The Wine Thief Problem

This puzzle is again from Dudeney's "The Worlds Best Puzzles", in the December 1908 Strand Magazine. It's another one from Bachet, who gave us The Four Weights Problem.

A wine connoisseur has a wine-bin of eight compartments, containing 60 bottles of wine, as shown below:

3x3 square of numbers, with a in the corners and b in the middle edges, center blank

His dishonest employee steals 4 bottles and rearranges the remainder. The connoisseur notices that the bottles have been rearranged, but on counting, he notes that there are still 21 bottles on each side, so he decides that everything is fine.

The employee, emboldened, steals 4 more---and then another 4, and then another 4, for a total of 16 bottles. Each time, he rearranges the remaining bottles so that there are 21 bottles on each side.

How did the employee arrange the bottles after each theft, so that the connoisseur never noticed?

Yes, the connoisseur was amazingly unobservant, or amazingly naive, but let's just roll with it. Solution after Chirico's The Mathematicians.

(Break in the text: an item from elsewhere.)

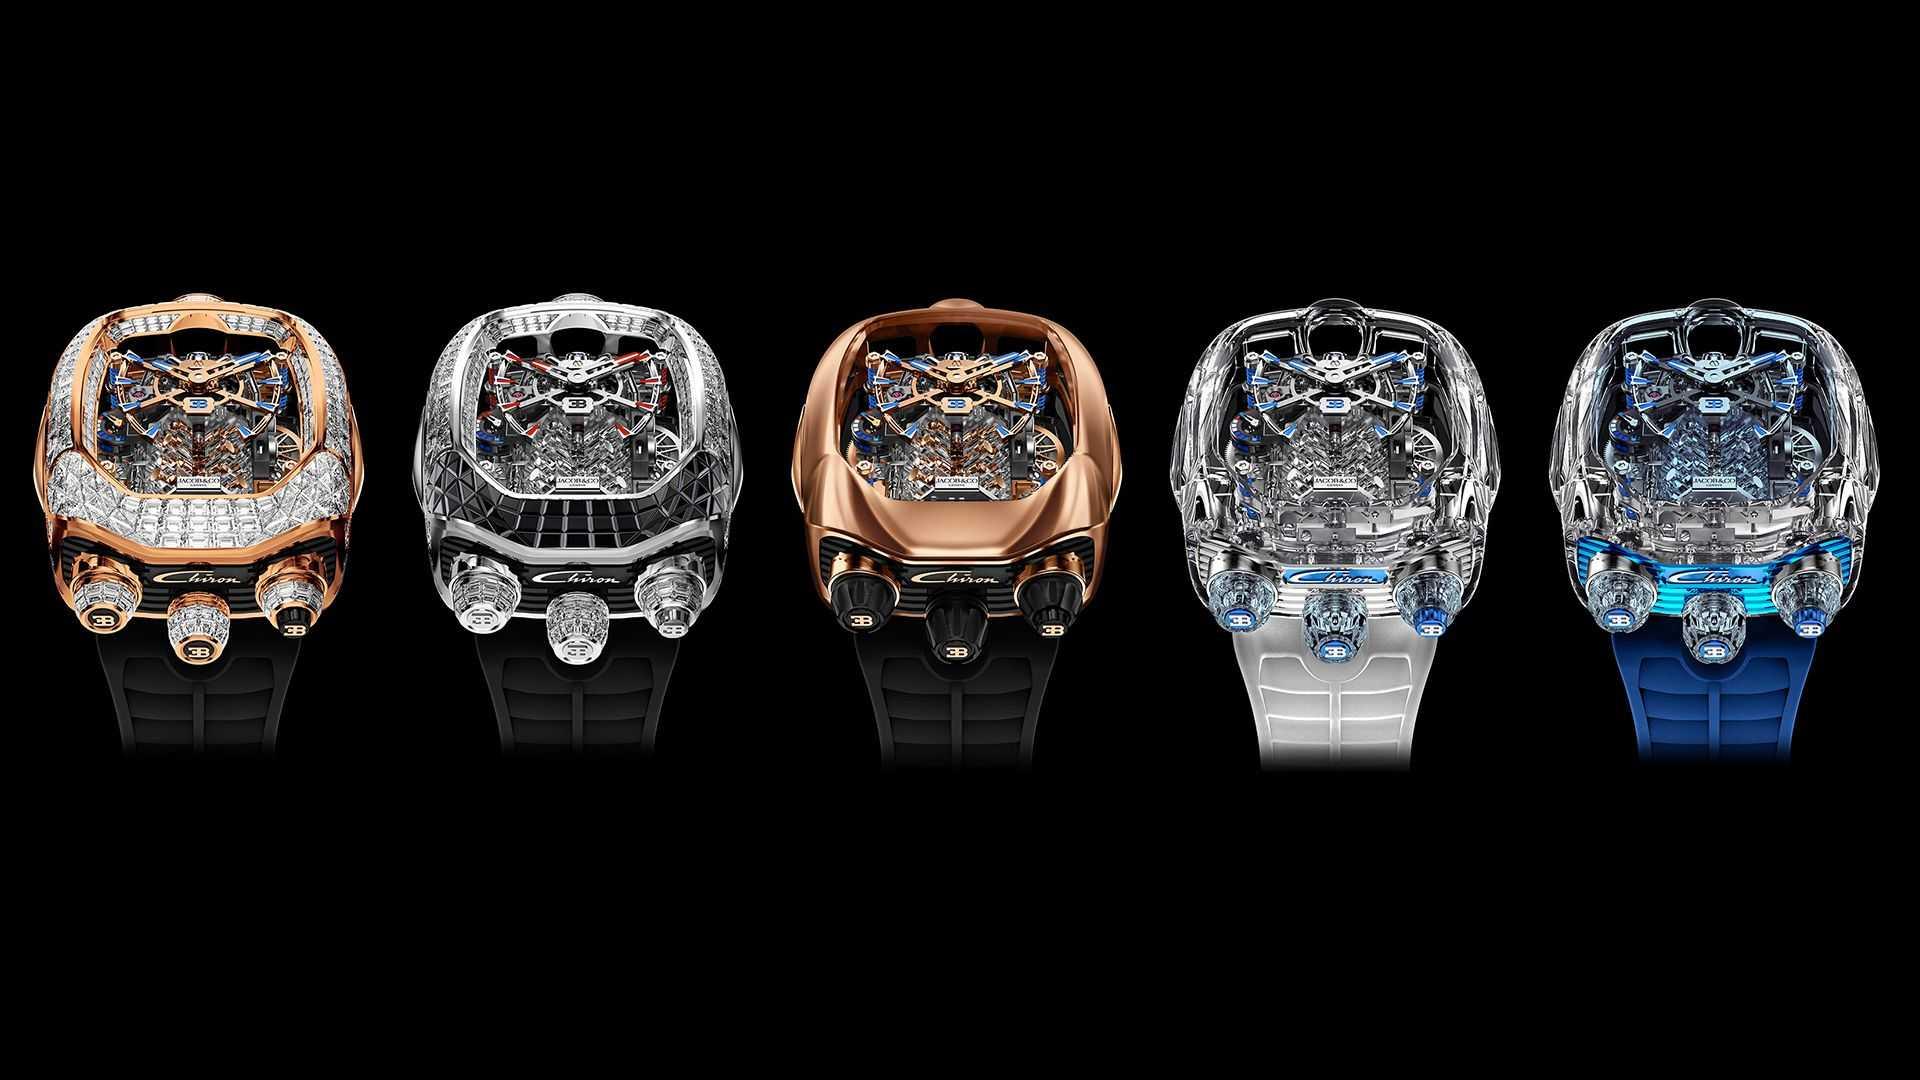 Jacob-Co-Bugatti-Chiron-Tourbillon-Watch-1

Allegorical sketch of beings in a courtyard, both made of mathematical instruments

The Mathematicians (1917)
Artist: Giorgio de Chirico. Source: WikiArt

Solution #

A little thought should convince you that there is a symmetric solution: the thief steals a bottle from each center bin and then moves another bottle from the center into a corner bin appropriately. So the wine bins always look like this:

for some values of $a$ and $b$ . Let's set that up algebraically.

$2 a + b = 21$ (the sum of each side is 21)
$4 a + 4 b = w$ , where $w$ is the number of wine bottles remaining.

Look familiar? Since $a$ and $b$ , and $w$ are all nonnegative integers, and so are the coefficients, this is another system of Diophantine equations, similar to 100 Bushels of Corn.

We know what the $w$ are from the problem statement: [60, 56, 52, 48, 44].Define $n = w / 4$ to make things easier (note $n$ is also a nonnegative integer). Then a bit of algebra gives you:

\begin{aligned} a & = 21 - n \\ b & = 2 n - 21 \\ w & = 4 n \\ n & \in 15 : 11 \end{aligned}

(I'm counting $n$ backwards because that's the progression of the puzzle).

Notice that this follows the general form of Diophantine system solutions that John Mount describes here: we've established the linear structure, set up the correct modular relations and parameterization, and found the integral endpoints that enforce the sign constraints. Of course, in this case, the endpoints were pretty much given to us.

Now we can just fill in the table of cases. I'll even do this one by hand.

wine bottles	n	a (corner)	b (center)
60	15	6	9
56	14	7	7
52	13	8	5
48	12	9	3
44	11	10	1

And after this, of course, even our oblivious connoisseur won't be able to avoid noticing his losses.

"Half-symmetric" Solutions #

There is another set of solutions, where instead of all the corners having the same number of bottles, the diagonally opposite corners do:

3x3 square of numbers, with a in the top left and bottom right corners, c in the other corners, and b in the middle edges, center blank

This will (with some algebra) give the system:

\begin{aligned} a + c & = 42 - n \\ b & = n - 21 \\ w & = 2 n \\ n & \in 30 : 22 \end{aligned}

which in turn produces the table:

wine bottles	n	a+c	b
60	30	12	9
56	28	14	7
52	26	16	5
48	24	18	3
44	22	20	1

The point is that any combination of $a$ and $c$ that produces the correct sum will work. If $a = c$ , then we have the completely symmetric solution above.

So the thief, if he wanted to, could mix up the arrangements, to (maybe) make the thefts less apparent.